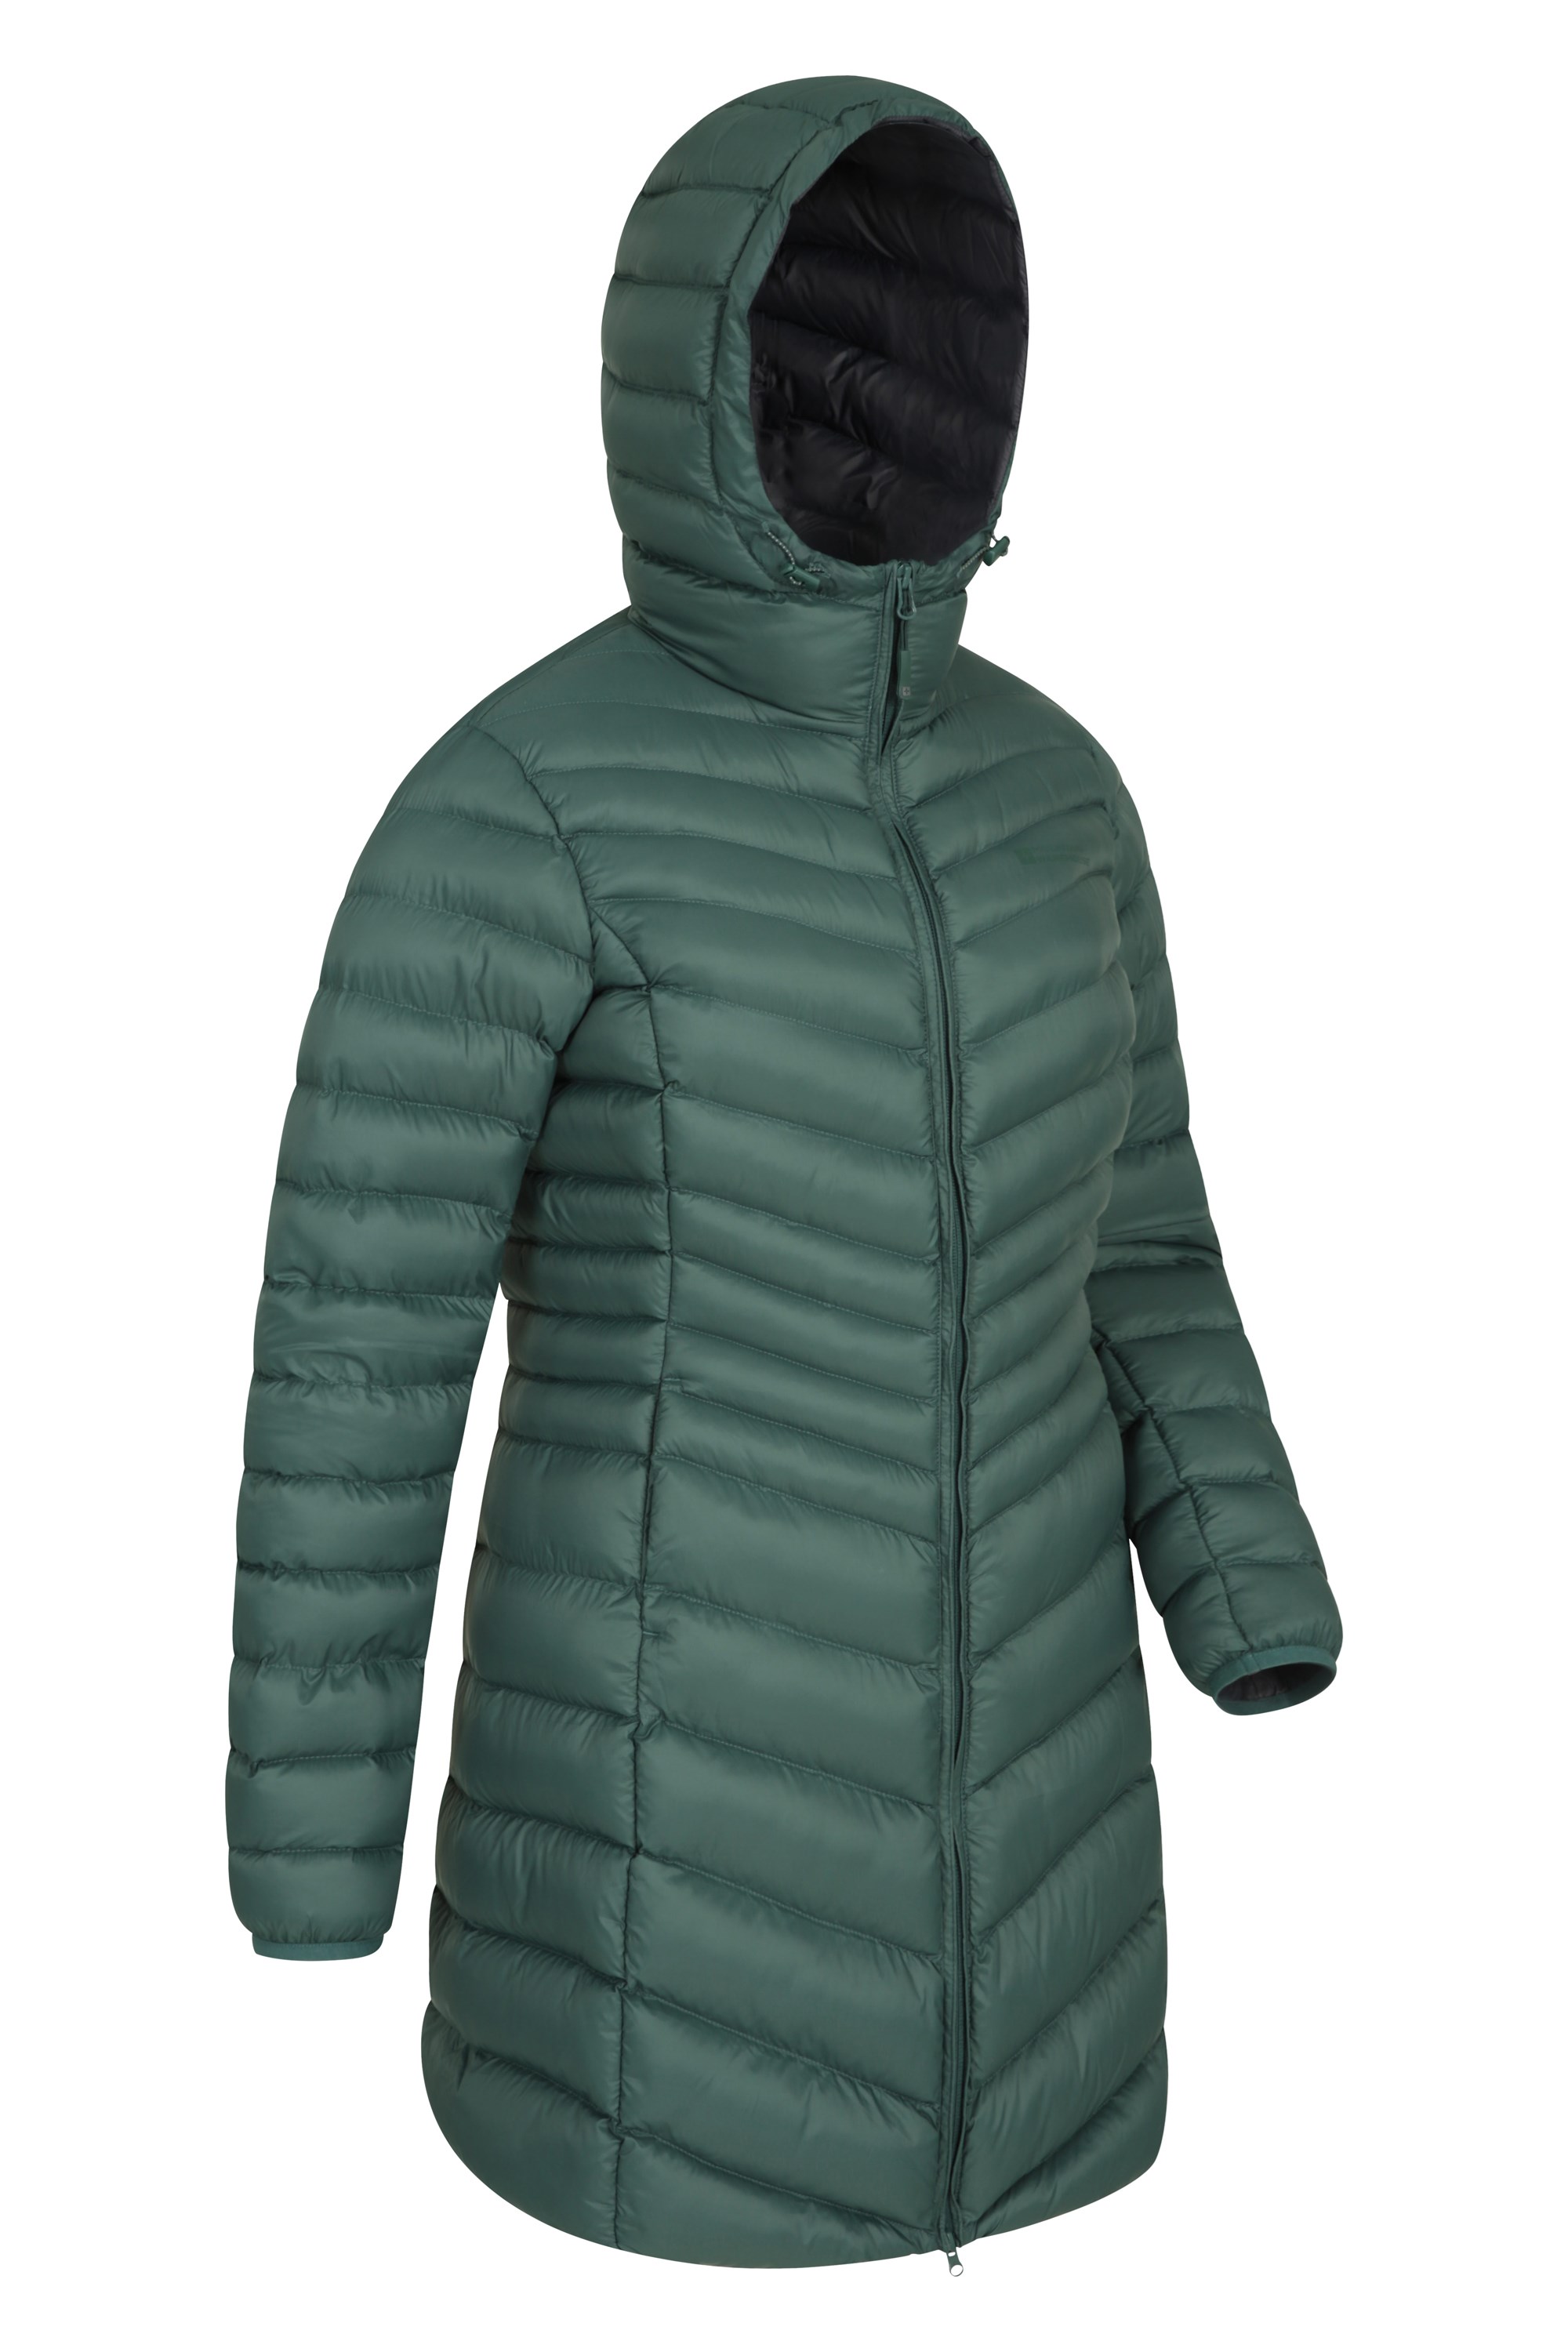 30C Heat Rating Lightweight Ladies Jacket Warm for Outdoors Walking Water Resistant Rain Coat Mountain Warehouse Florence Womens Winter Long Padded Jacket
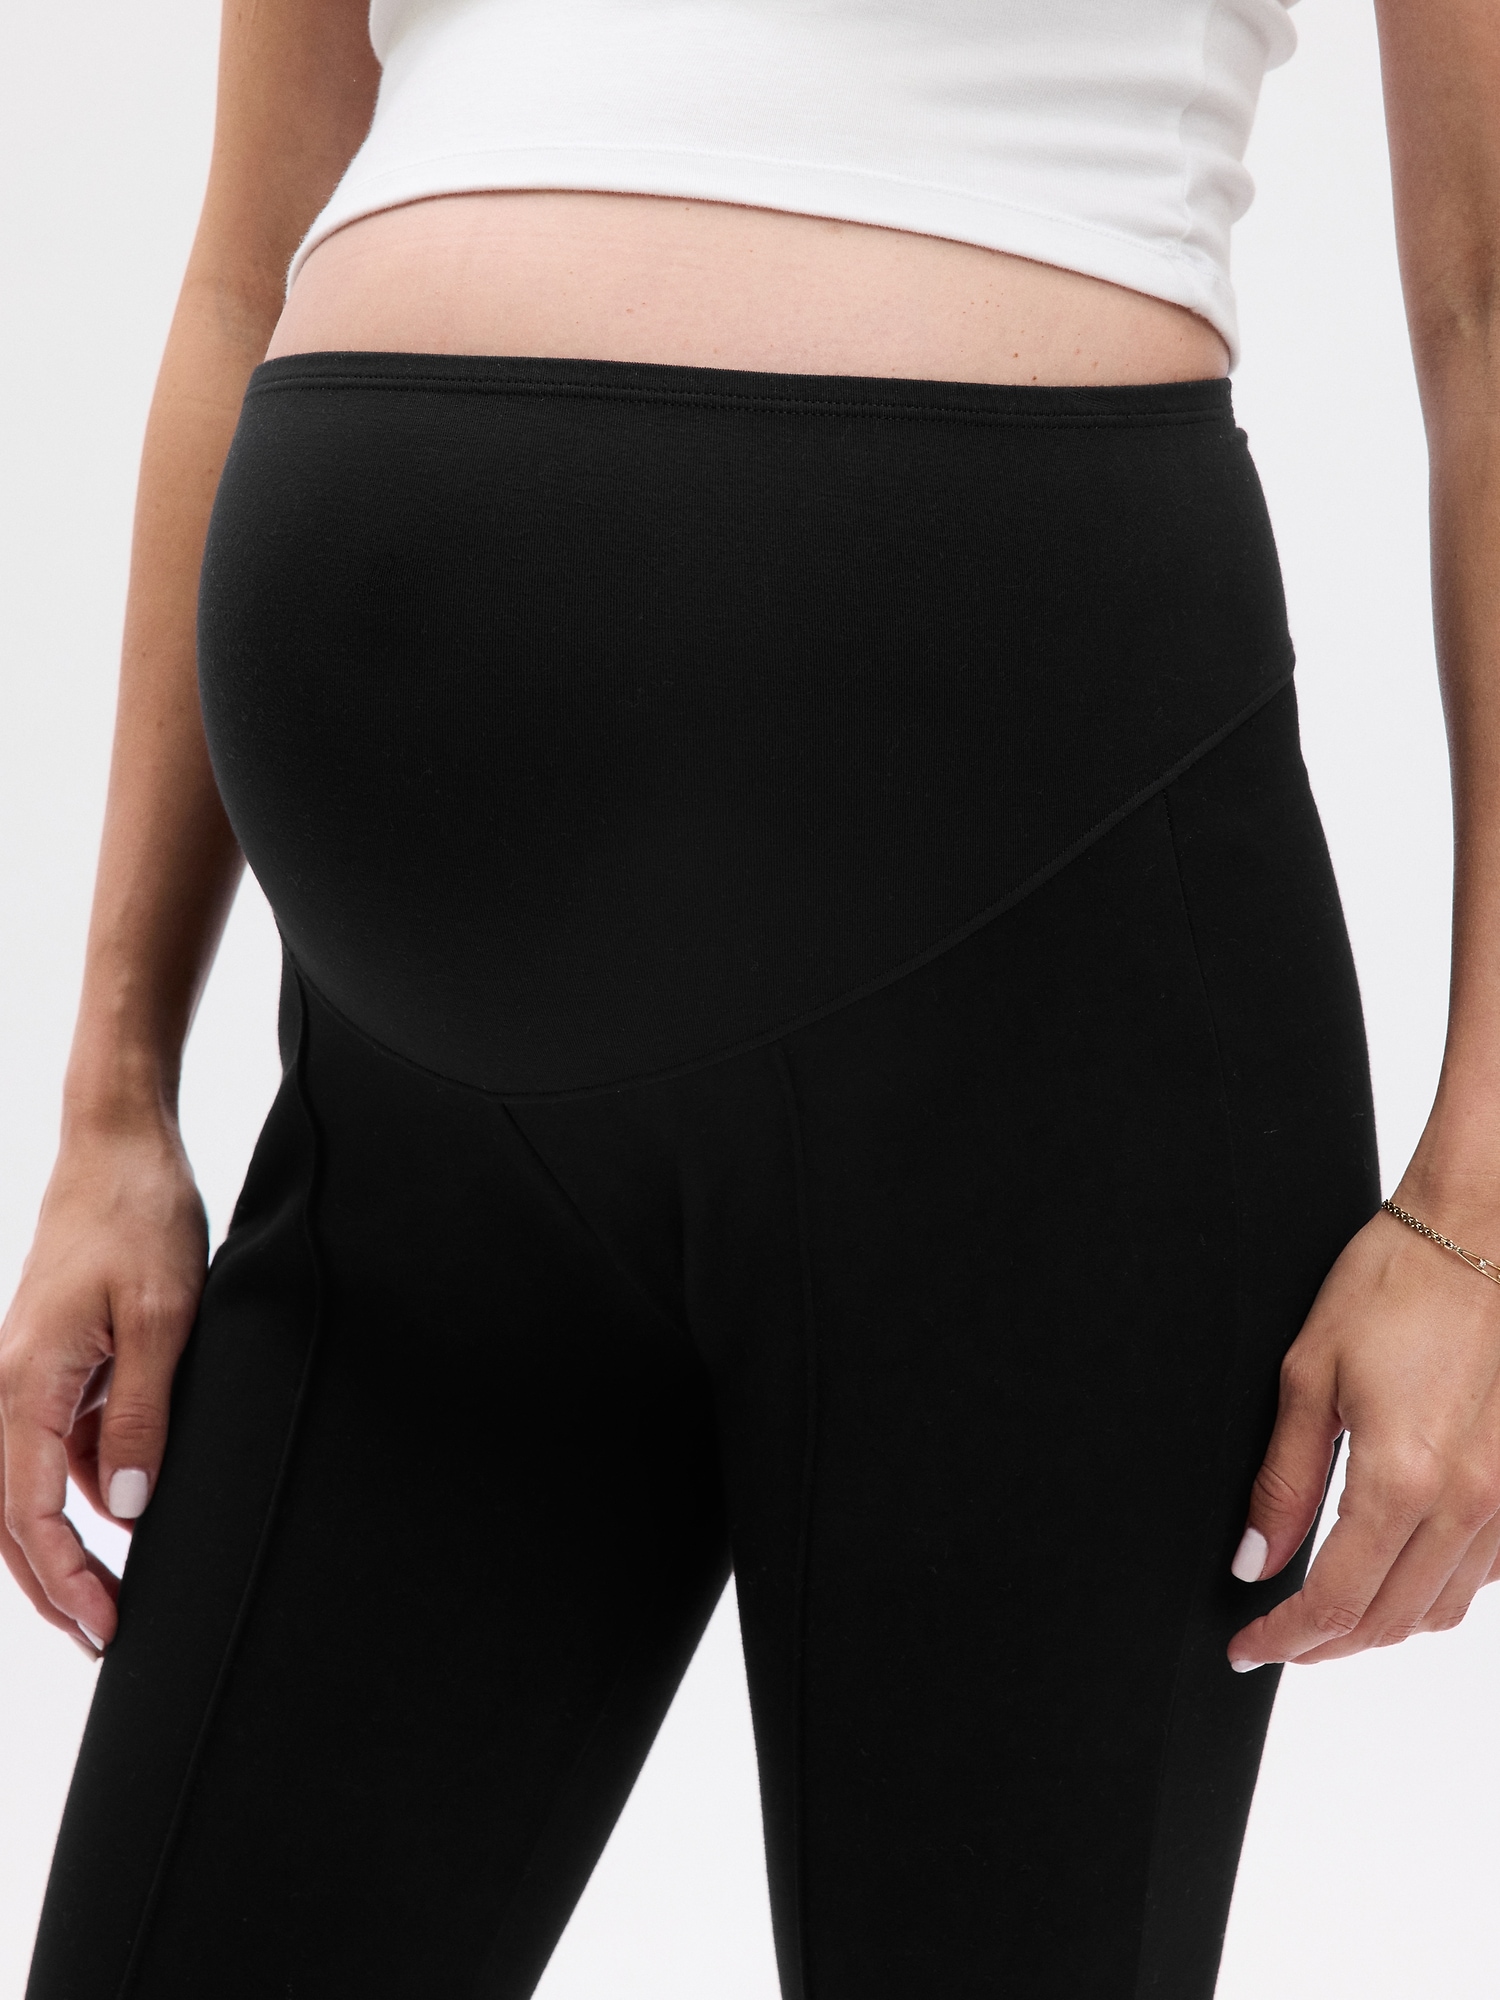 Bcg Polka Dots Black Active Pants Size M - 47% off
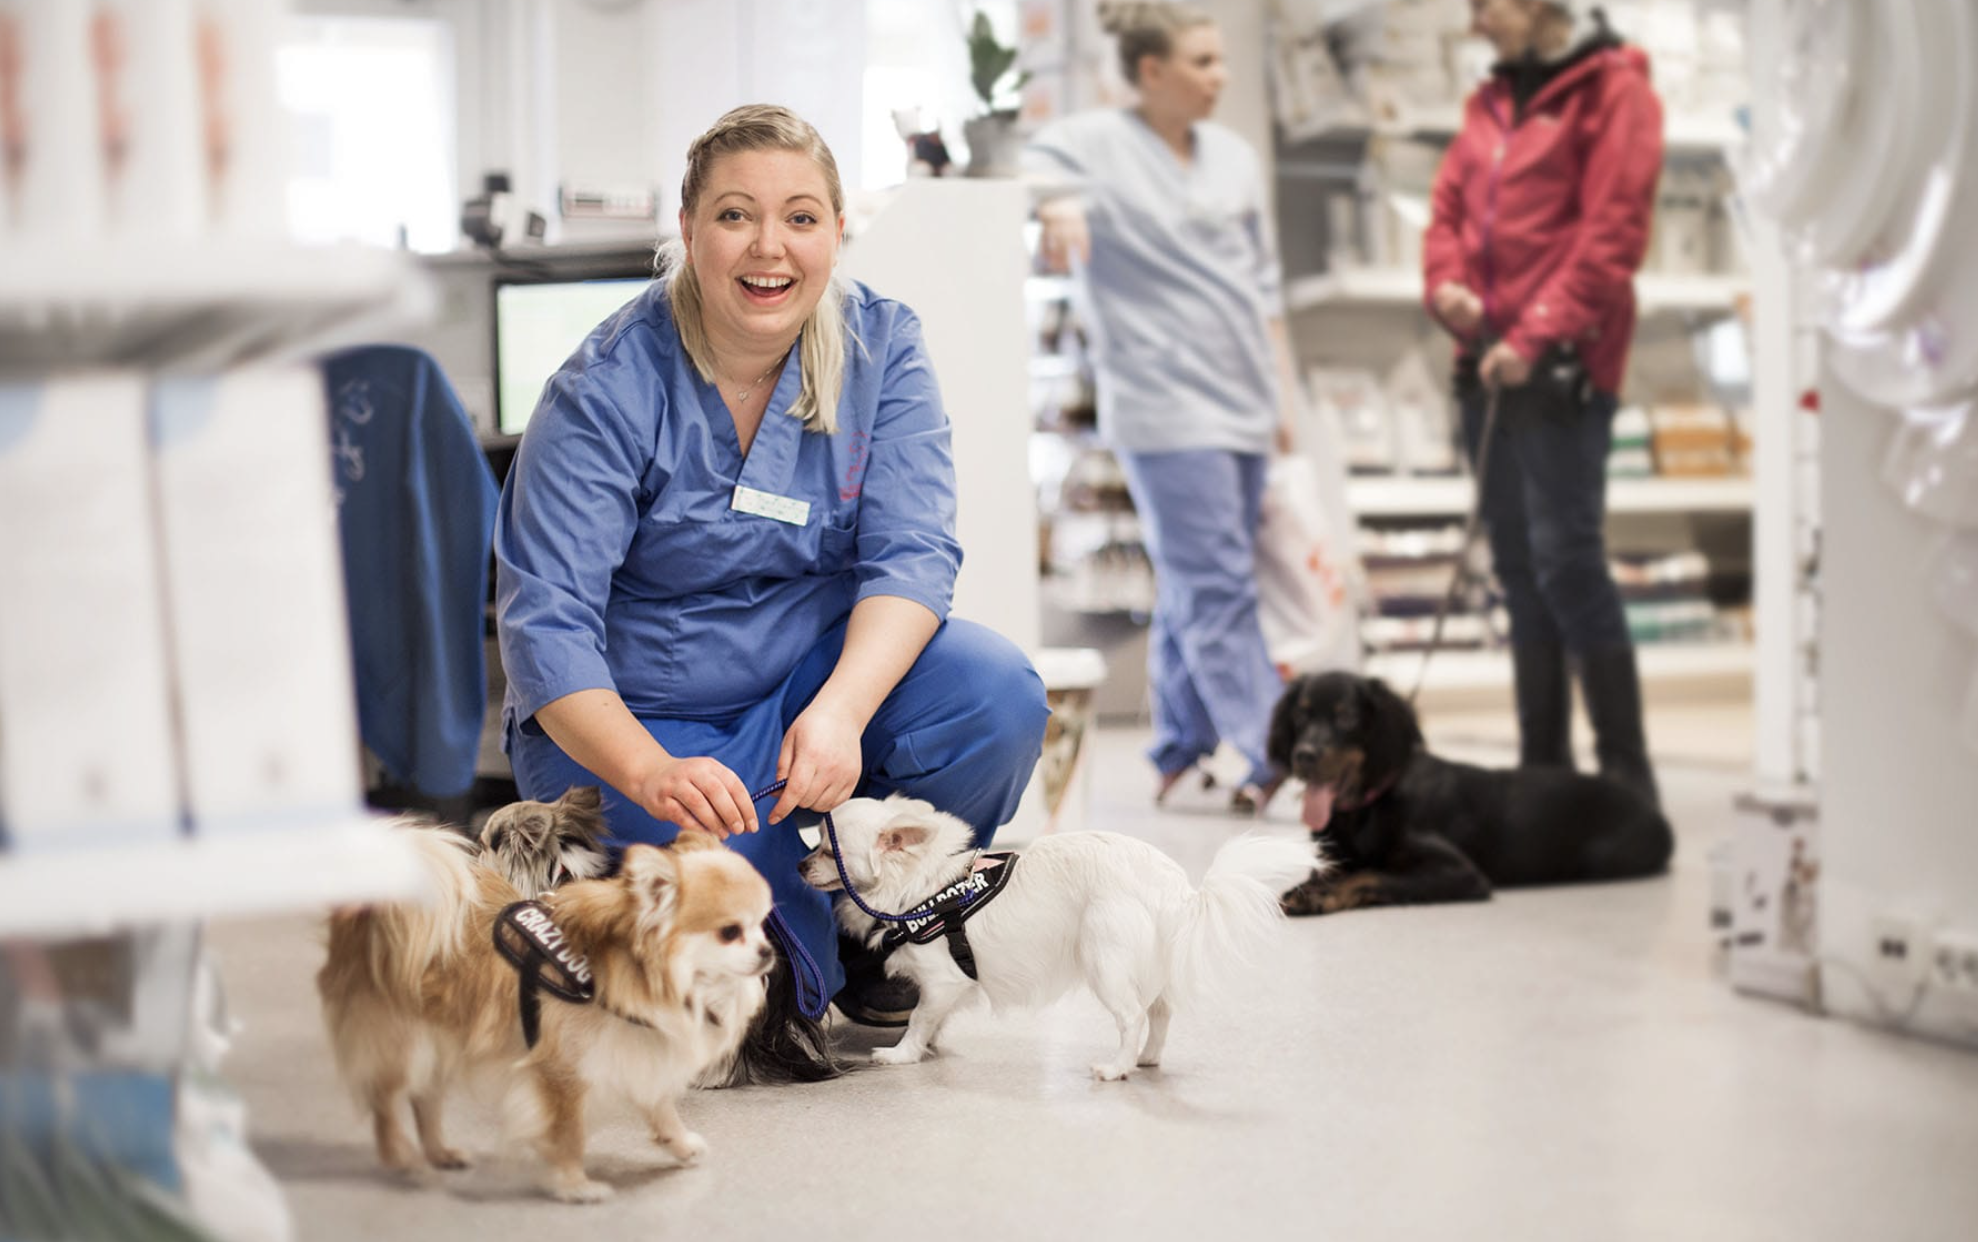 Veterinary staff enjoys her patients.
· · ·
Exercise prompt> Omit the pictures, then output the rest of the listing exactly.

Expected answer>
 30C Heat Rating Lightweight Ladies Jacket Warm for Outdoors Walking Water Resistant Rain Coat Mountain Warehouse Florence Womens Winter Long Padded Jacket
 Bcg Polka Dots Black Active Pants Size M - 47% off
 Veterinary staff enjoys her patients.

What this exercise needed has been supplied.